▶ _Dataset extract_:

[Start of section]

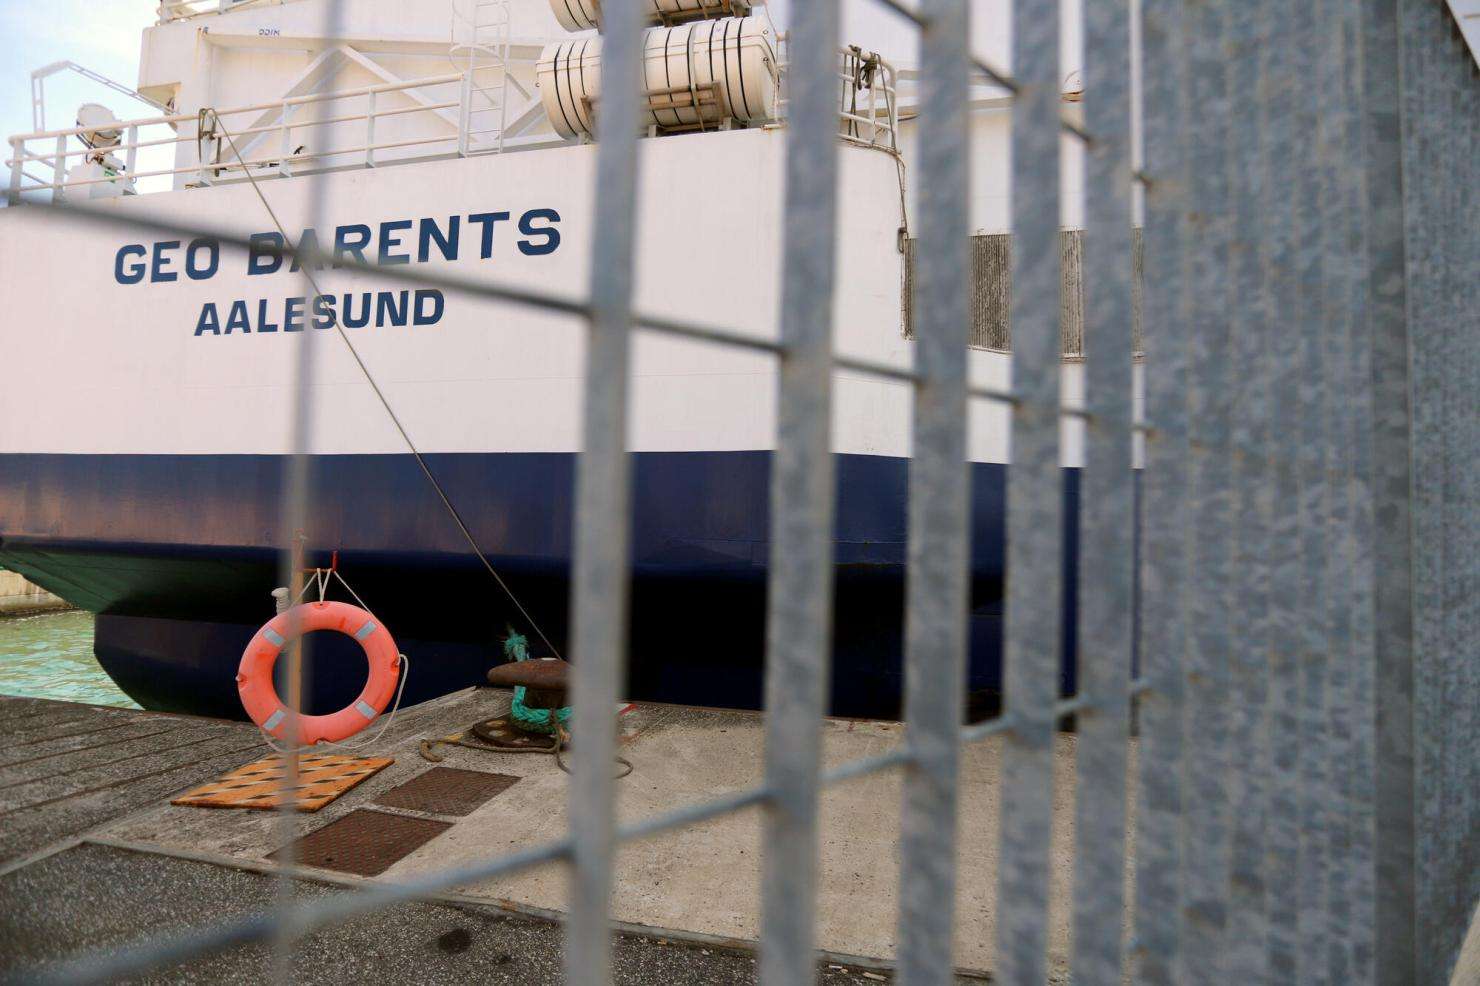 Barco de búsqueda y rescate de MSF detenido en Italia |  Médicos Sin Fronteras
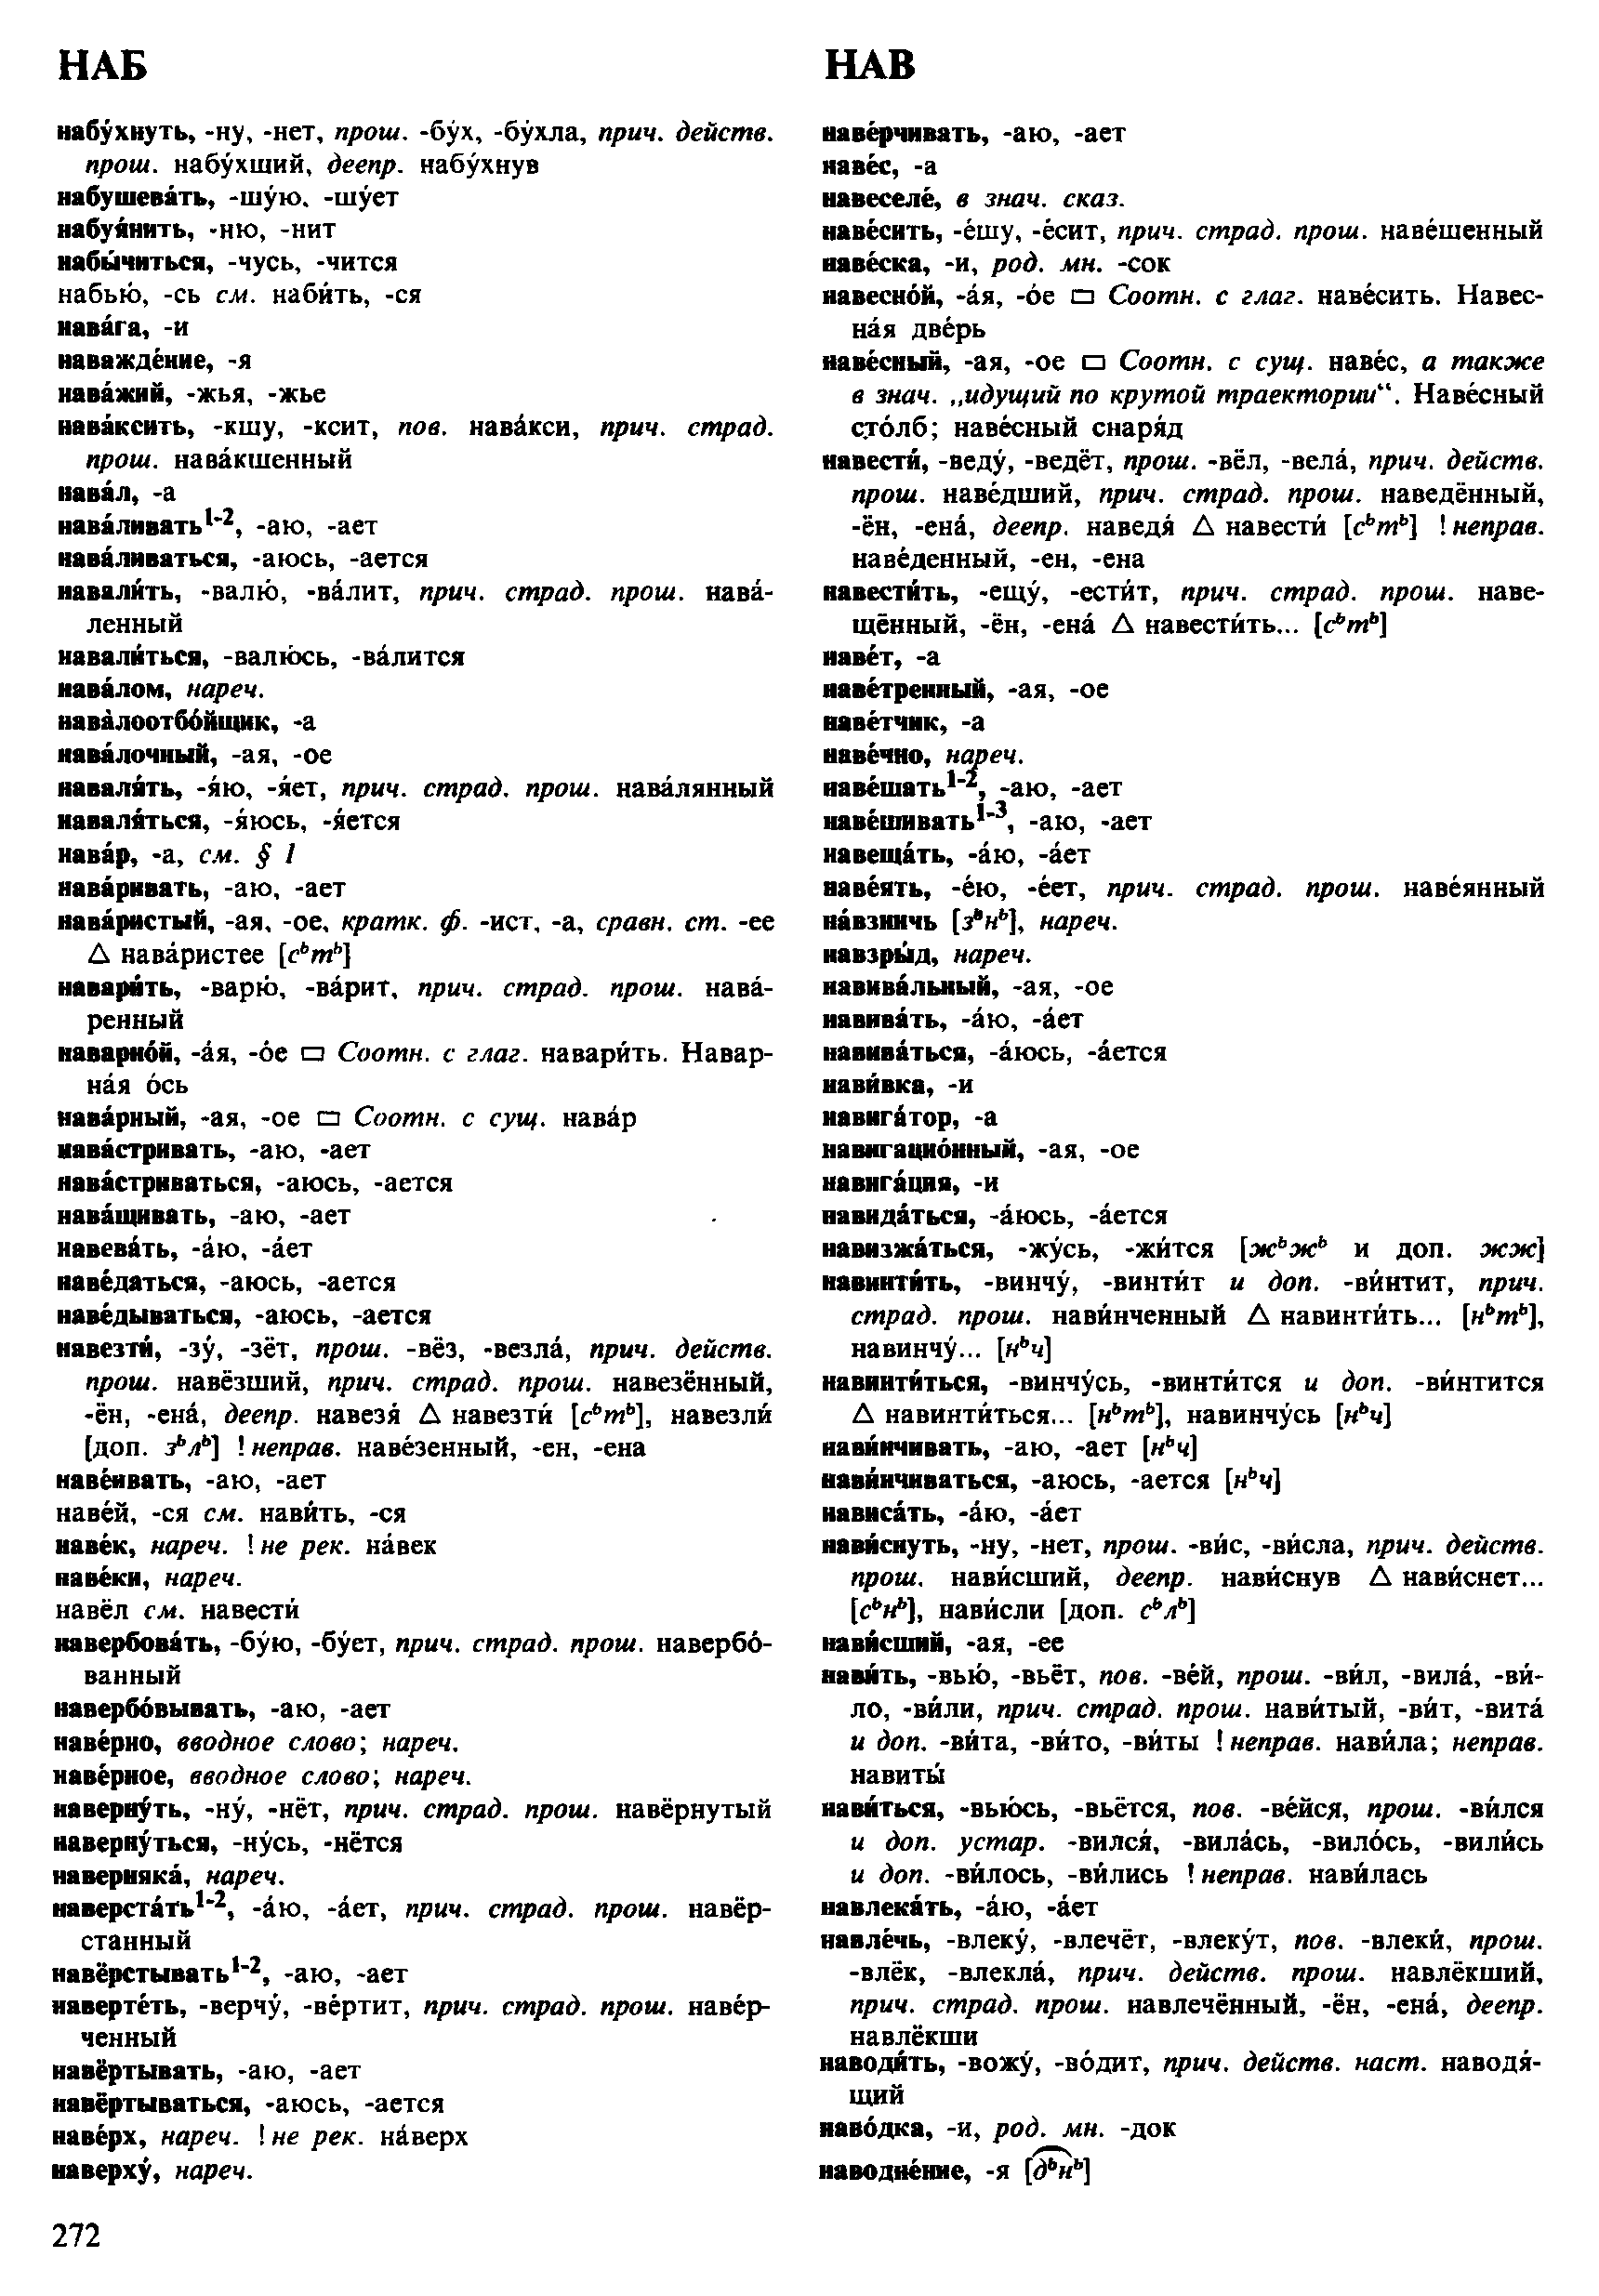 Фотокопия pdf / скан страницы 272 орфоэпического словаря под редакцией Аванесова (4 издание, 1988 год)
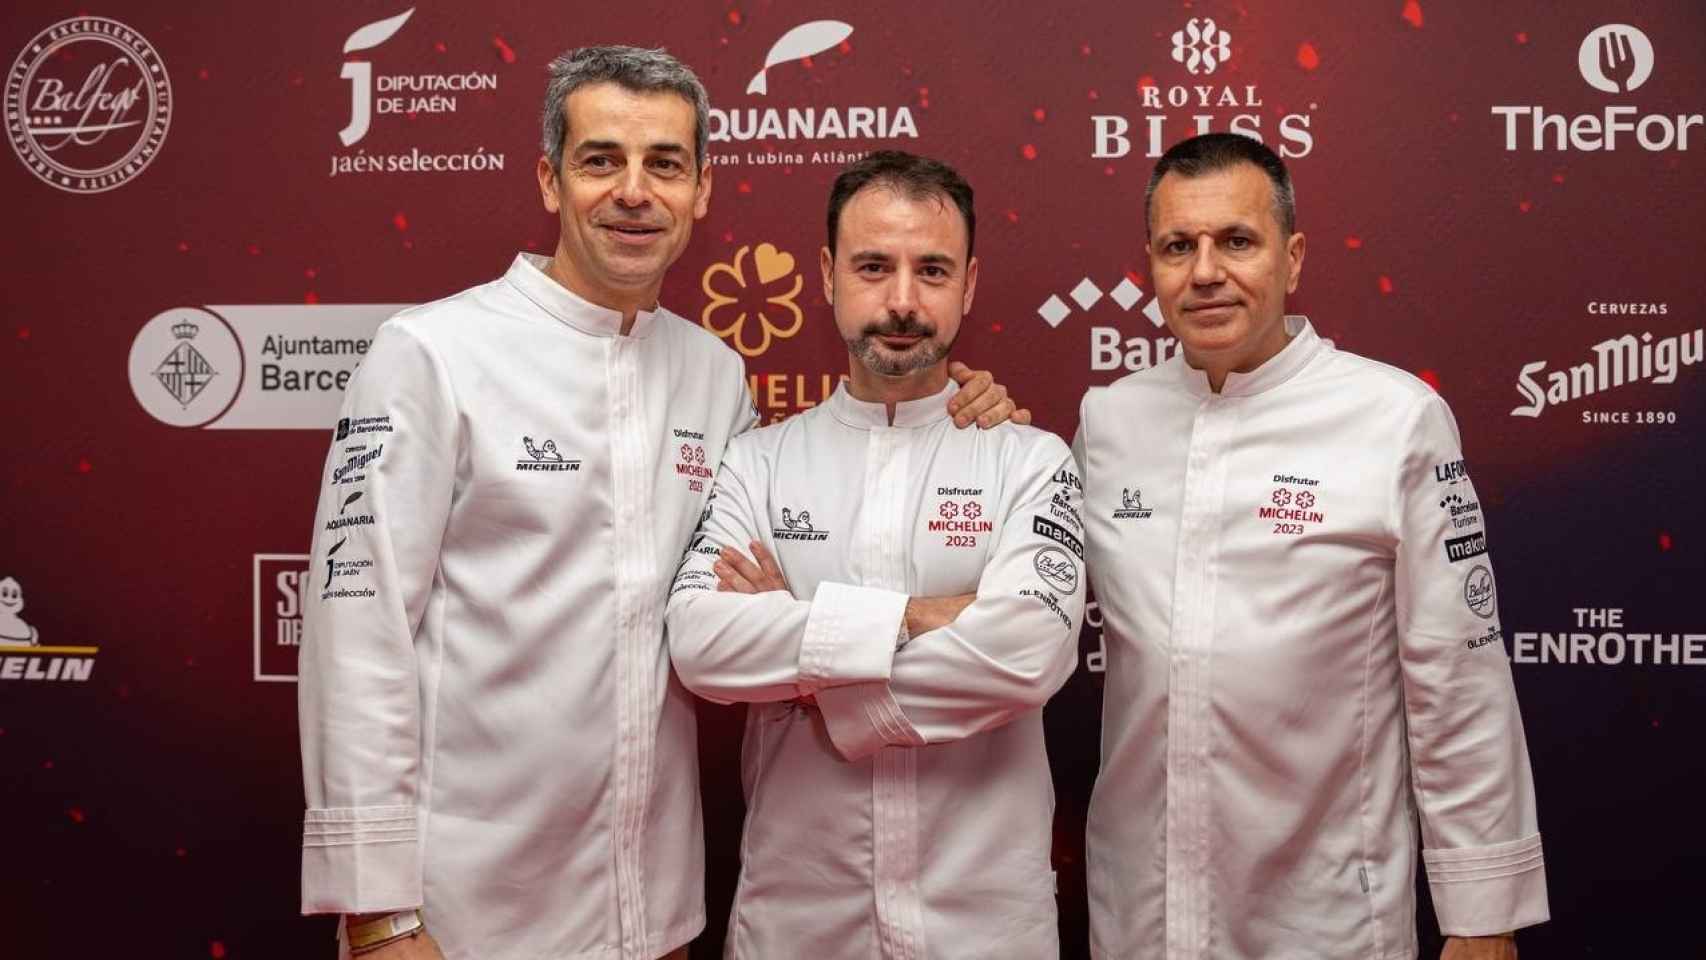 Los cocineros Eduard Xatruch, Oriol Castro y Mateu Casañas, chefs del restaurante Disfrutar, en la gala de entrega de las estrellas Michelín
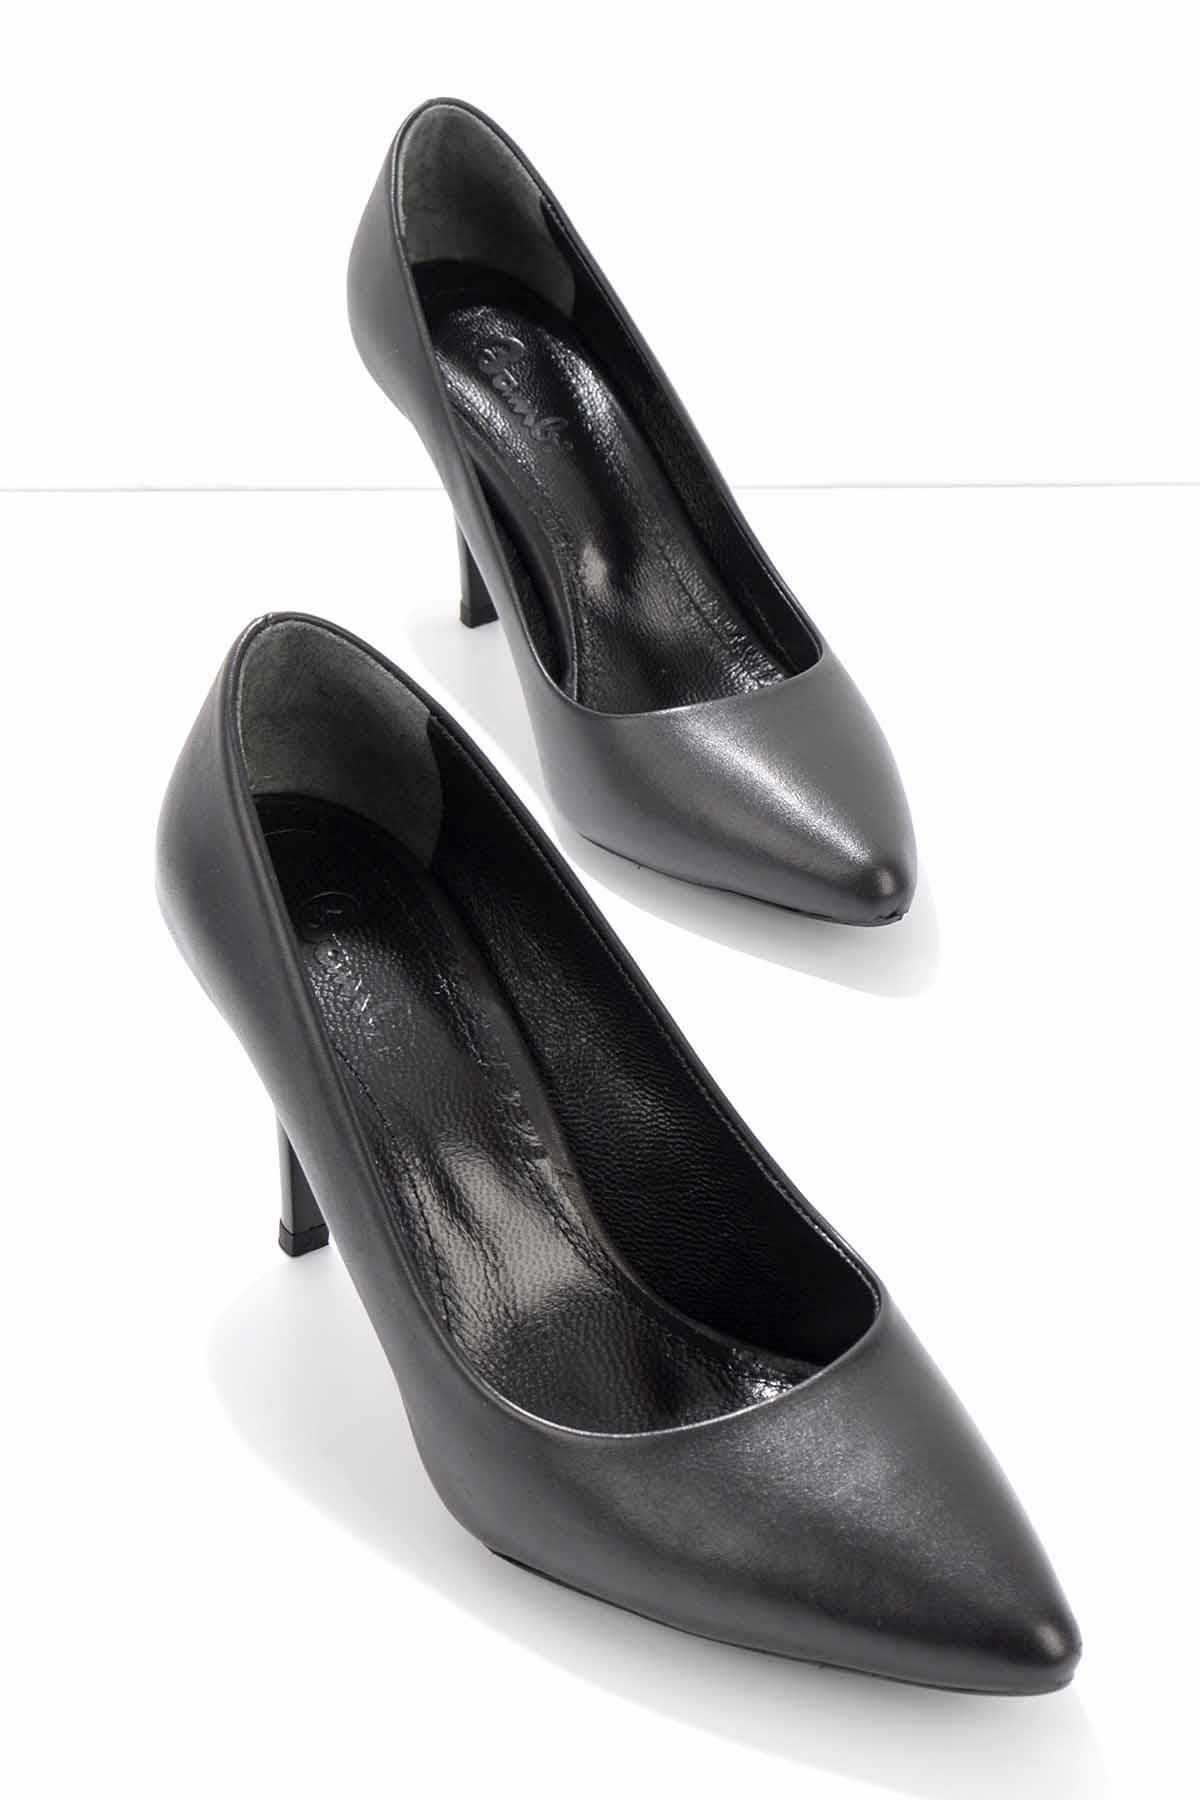 Bambi Siyah Hakiki Deri Kadın Klasik Topuklu Ayakkabı K01264400403

[End of section]

▶ _Problem details_: Transcribe all of the material exactly, leaving out whatever pictures it contains.

▶ _Output for this exercise_:
 Barco de búsqueda y rescate de MSF detenido en Italia |  Médicos Sin Fronteras
 Фотокопия pdf / скан страницы 272 орфоэпического словаря под редакцией Аванесова (4 издание, 1988 год)
 Los cocineros Eduard Xatruch, Oriol Castro y Mateu Casañas, chefs del restaurante Disfrutar, en la gala de entrega de las estrellas Michelín
 Bambi Siyah Hakiki Deri Kadın Klasik Topuklu Ayakkabı K01264400403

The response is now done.